EX-99.4 8 d555474dex994.htm EX-99.4 EX-99.4

Exhibit 99.4

CONSENT OF WELLS FARGO SECURITIES, LLC

Connecticut Water Service, Inc.

93 West Main Street

Clinton, CT 06413

 

RE: Joint Proxy Statement / Prospectus the (“Proxy Statement/Prospectus”) of Connecticut Water Service, Inc. (“CTWS”) and SJW Group, which forms part of the Registration Statement on Form S-4 of SJW Group (the “Registration Statement”)

Members of the Board of Directors:

We hereby consent to the inclusion of our opinion letter, dated March 14, 2018, to the CTWS Board of Directors as Annex C to the Proxy Statement/Prospectus included in the Registration Statement filed with the Securities and Exchange Commission as of the date hereof and the references to our firm and our opinion in such Proxy Statement/Prospectus under the headings “SUMMARY—Opinion of CTWS’s Financial Advisor,” “THE MERGER—Background of Merger,” “THE MERGER—CTWS’s Reasons for the Merger; Recommendation of the CTWS Board of Directors, “THE MERGER—Opinion of CTWS’s Financial Advisor – Opinion of Wells Fargo Securities, LLC” and “THE MERGER—Unaudited Financial Forecasts – Certain Financial Projections Utilized by the CTWS Board of Directors and CTWS’s Financial Advisor.”

The foregoing consent applies only to the Registration Statement being filed with the Securities and Exchange Commission as of the date hereof and not to any other amendments or supplements thereto, and our opinion is not to be used, circulated, quoted or otherwise referred to for any other purpose, nor is it to be filed with, included in or referred to in whole or in part in any other registration statement (including any subsequent amendments to the above-mentioned Registration Statement), proxy statement or any other document, except in accordance with our prior written consent.

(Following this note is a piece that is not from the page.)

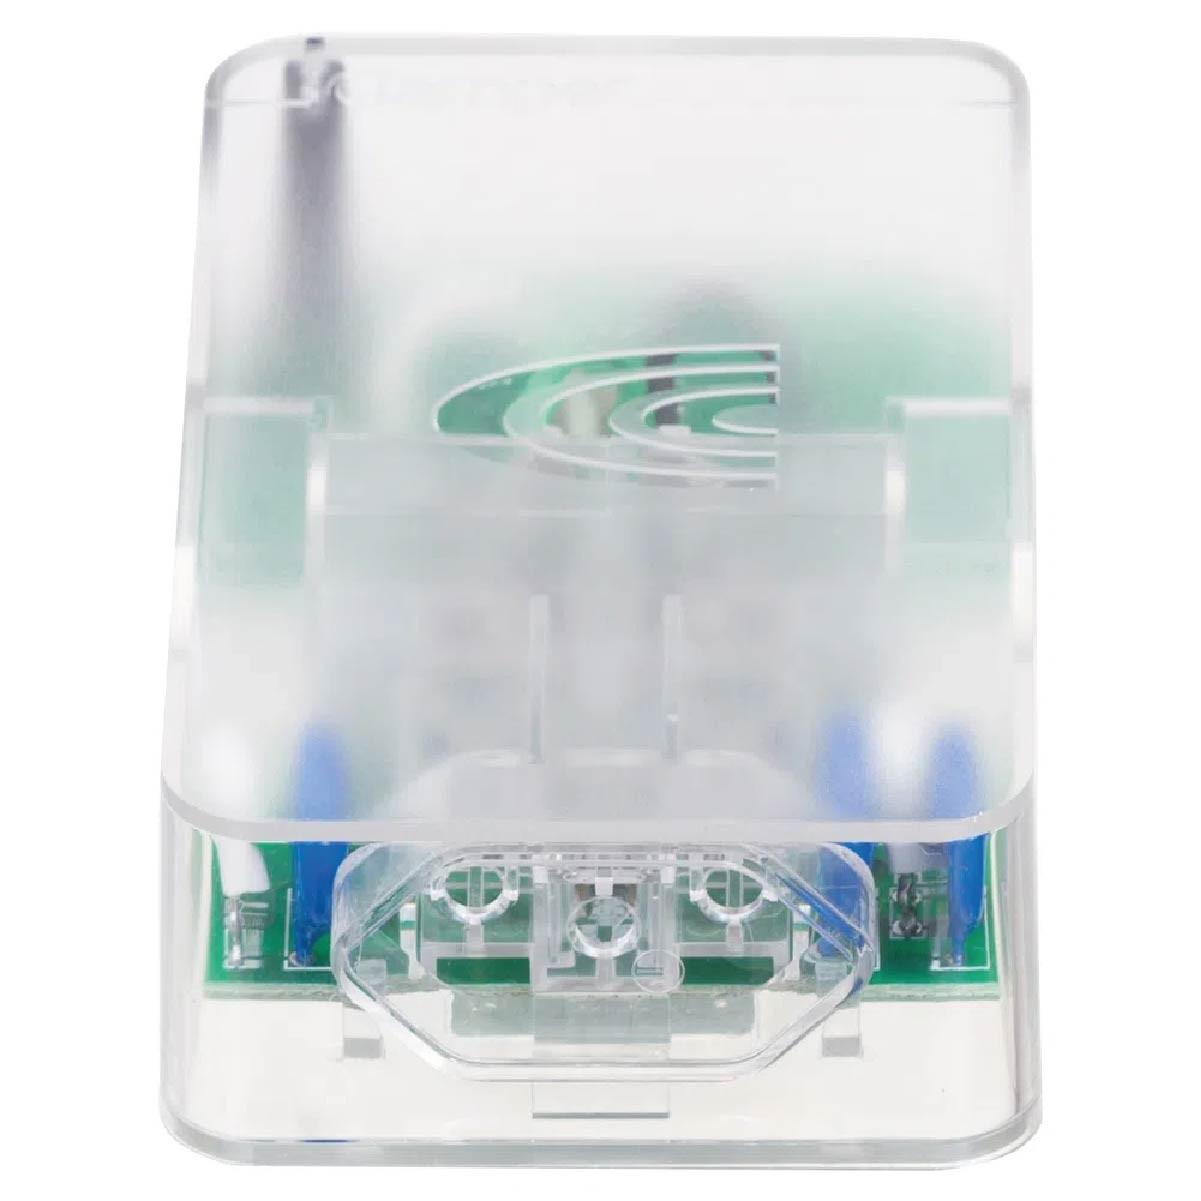 Filtro de Linha iClamper Energia 3 Protetor Contra Surtos e Raios Transparente

In giving our consent, we do not admit that we come within the category of persons whose consent is required under Section 7 of the Securities Act of 1933, as amended, or the rules and regulations of the Securities and Exchange Commission thereunder, nor do we admit that we are experts with respect to any part of such Registration Statement within the meaning of the term “experts” as used in the Securities Act of 1933, as amended, or the rules and regulations of the Securities and Exchange Commission thereunder.